Curse of the mutant algorithm – Housebuilding in Cotswolds and Cumbria will soar under reforms

…..“Conservative backbenchers are increasingly mutinous over the reforms, with one rebel calling it symptomatic of a “wider lack of engagement” that No 10 is not allowing MPs to vote on it.

Next Thursday dozens of rebels will be able to speak during a debate on the algorithm. About 50 Conservative MPs are part of a Whatsapp group that opposes the housing targets.”….

Do they include “jumping Jupp Flash”? – His voting record and choice as the “safe” option to act a Bojo’s minder ensuring an “unencumbered” visit on Tuesday to Exeter (where the Prime Minister failed to make any announcement about funding in the Great South West), suggest not. – Owl

George Grylls | George Greenwood www.thetimes.co.uk 

Housebuilding will more than double in the Cotswolds and almost triple in Cumbria under the government’s planning reforms, analysis has revealed.

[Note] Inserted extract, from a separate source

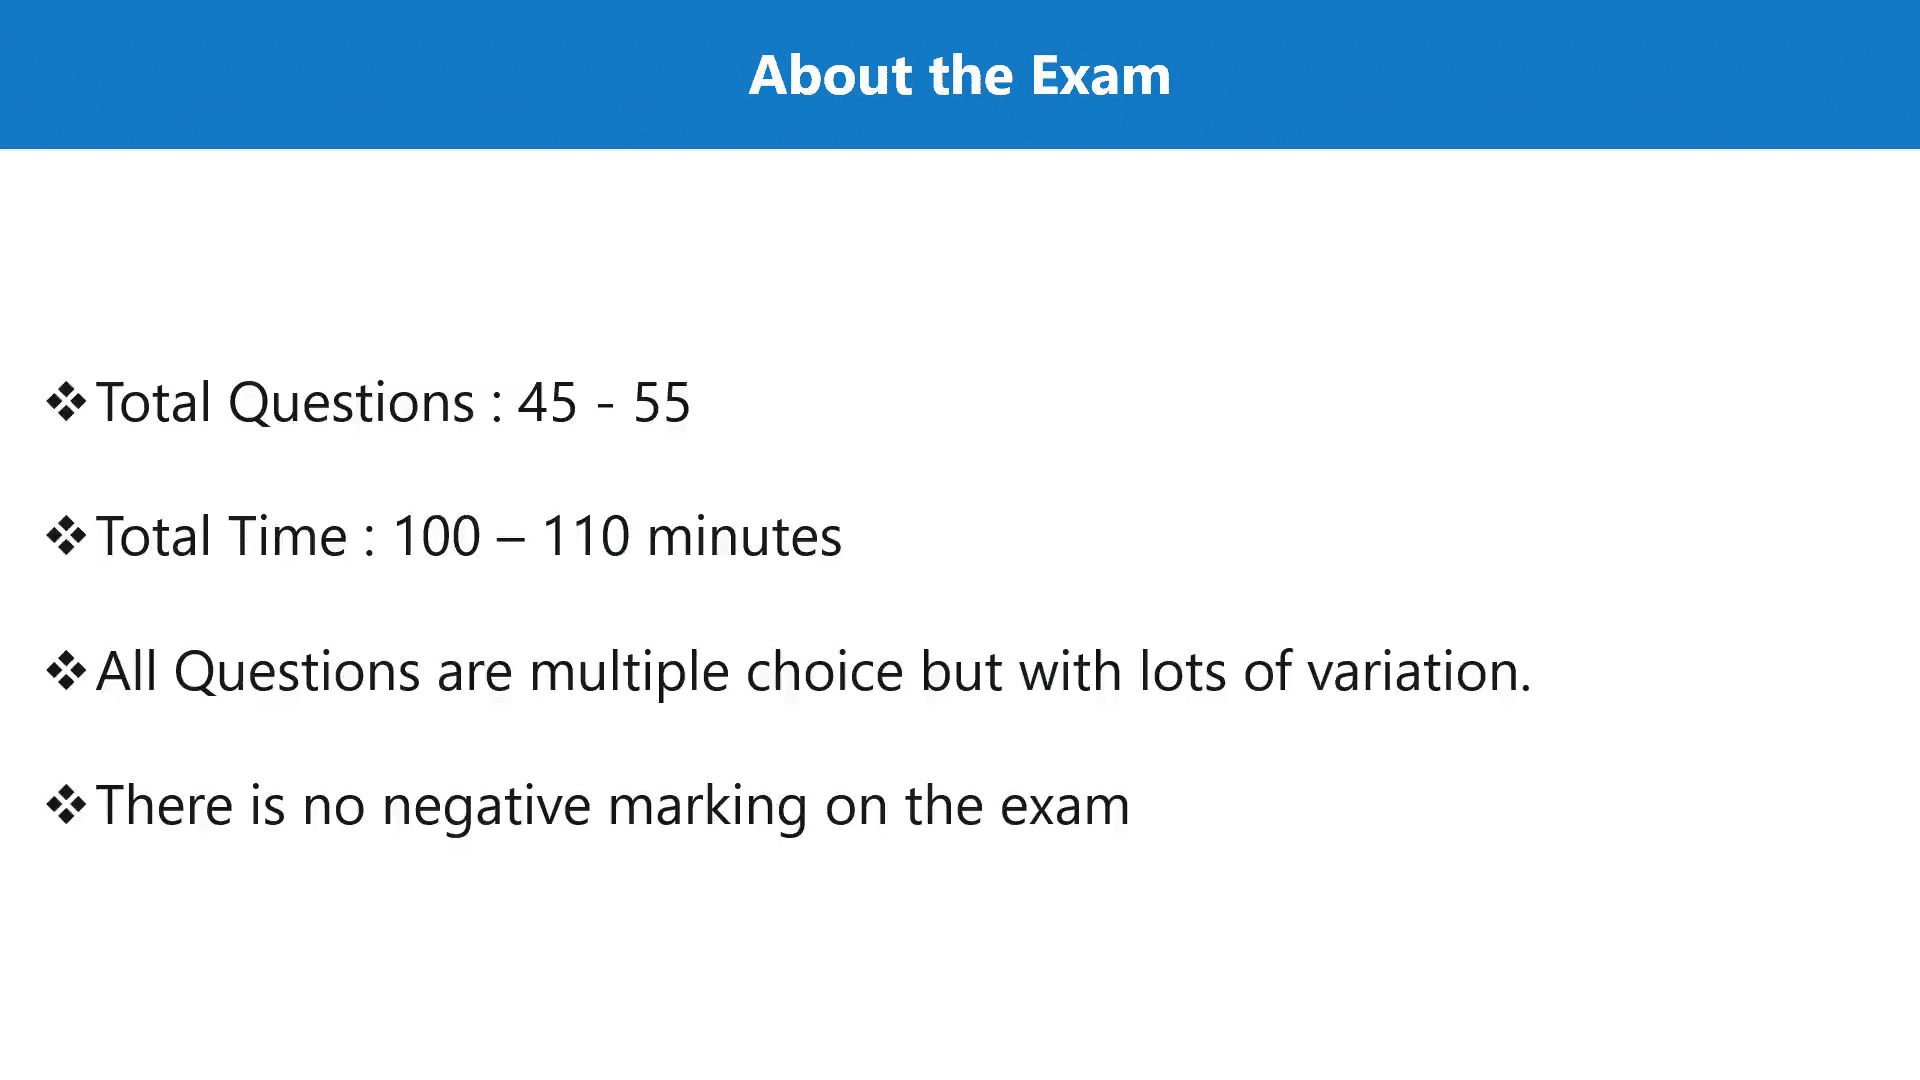 About the DP-500 exam

In August ministers published details of an algorithm — described by one Tory MP as a “mutant” — that calculates which parts of the country are earmarked for development as part of a government drive to build 300,000 homes a year.

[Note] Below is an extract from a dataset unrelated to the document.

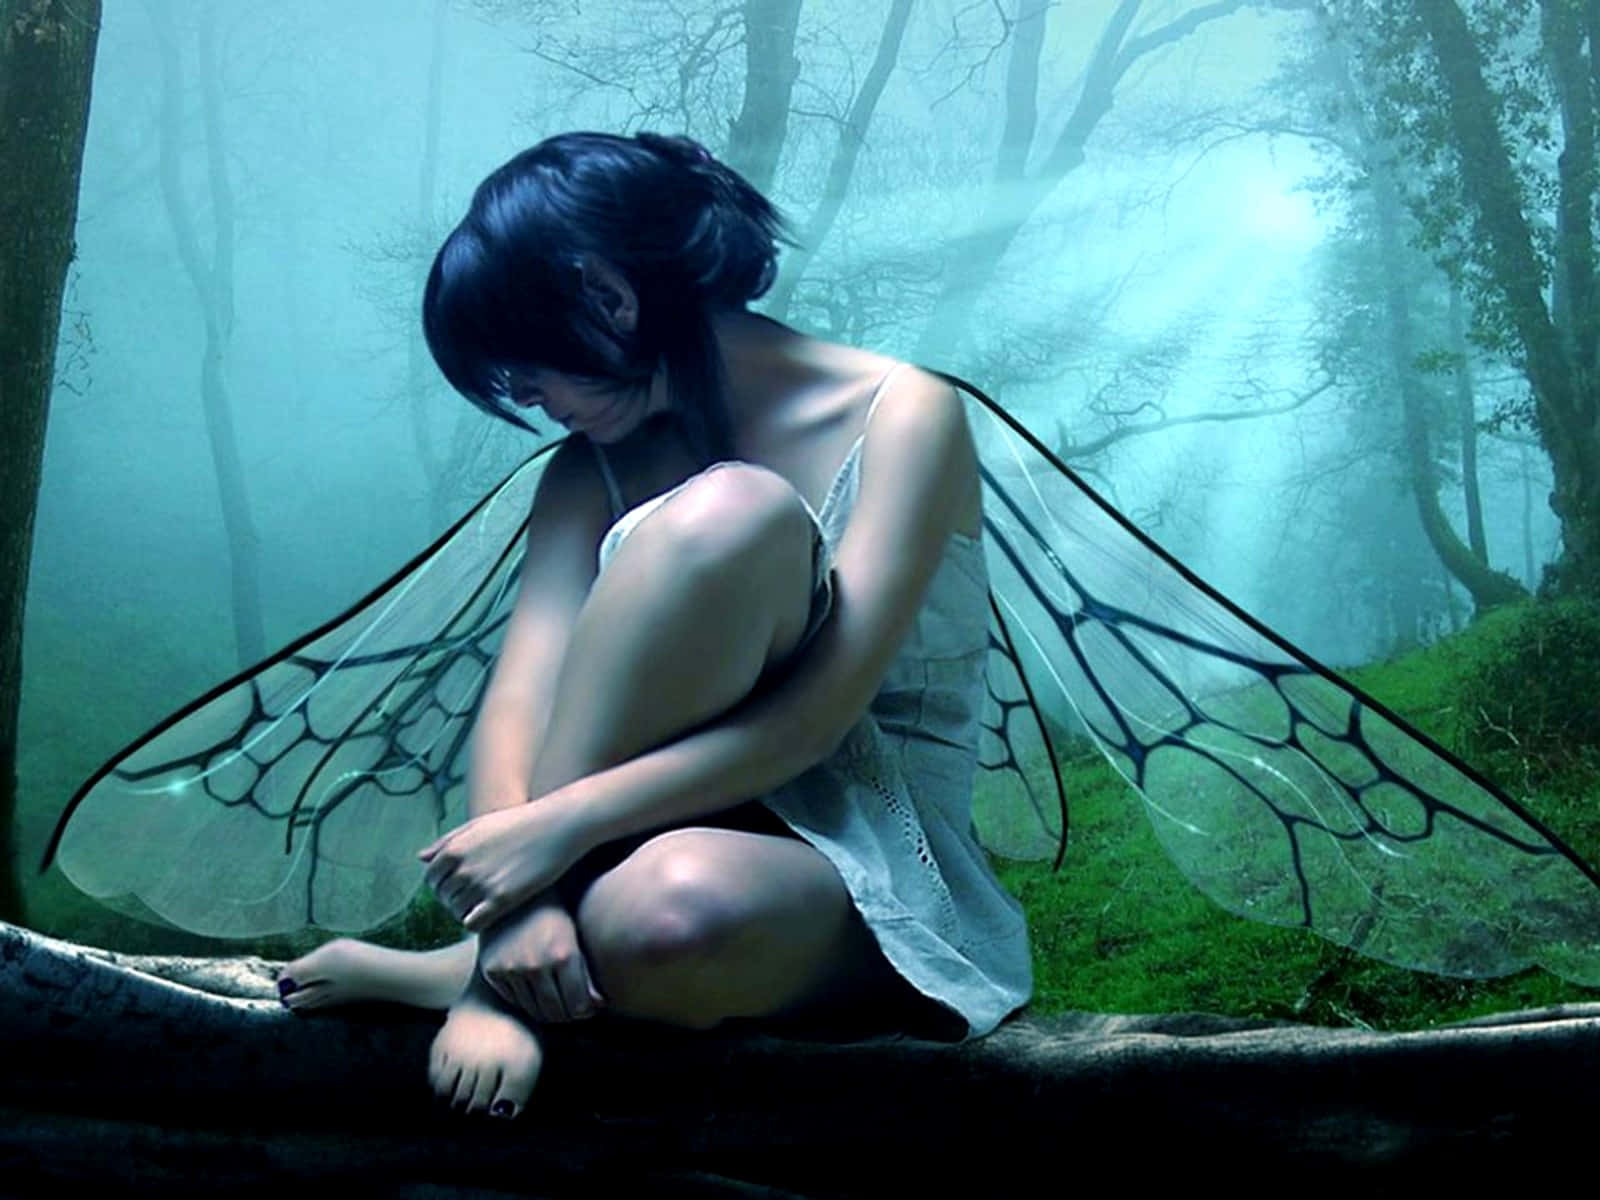 crying fairy wallpaper

The countryside charity CPRE found that the plans would lead to vast construction projects in rural areas, whereas cities and towns outside London would escape the boom.

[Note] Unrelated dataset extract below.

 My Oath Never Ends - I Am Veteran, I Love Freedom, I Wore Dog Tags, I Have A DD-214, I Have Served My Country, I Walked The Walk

In Cumbria, home to the Lake District, housebuilding would increase by 178 per cent, and in the Cotswolds there would be 148 per cent more development. Rural parts of Hampshire, Leicestershire and Gloucestershire also face huge rises in construction, and areas such as Richmondshire in North Yorkshire would be hit by a tenfold increase. Richmondshire includes part of the Yorkshire Dales.

However, cities outside London would be asked to build fewer houses. Development is set to shrink by 37 per cent in Greater Manchester and 15 per cent in Birmingham.

Crispin Truman, chief executive of CPRE, said that “governing by algorithm” did not work. He added: “Our analysis has shown the government’s far-reaching and untested changes to local planning could lead to the worst of all possible worlds — gobbling up our countryside without delivering the affordable homes our rural communities are crying out for.”

Conservative backbenchers are increasingly mutinous over the reforms, with one rebel calling it symptomatic of a “wider lack of engagement” that No 10 is not allowing MPs to vote on it.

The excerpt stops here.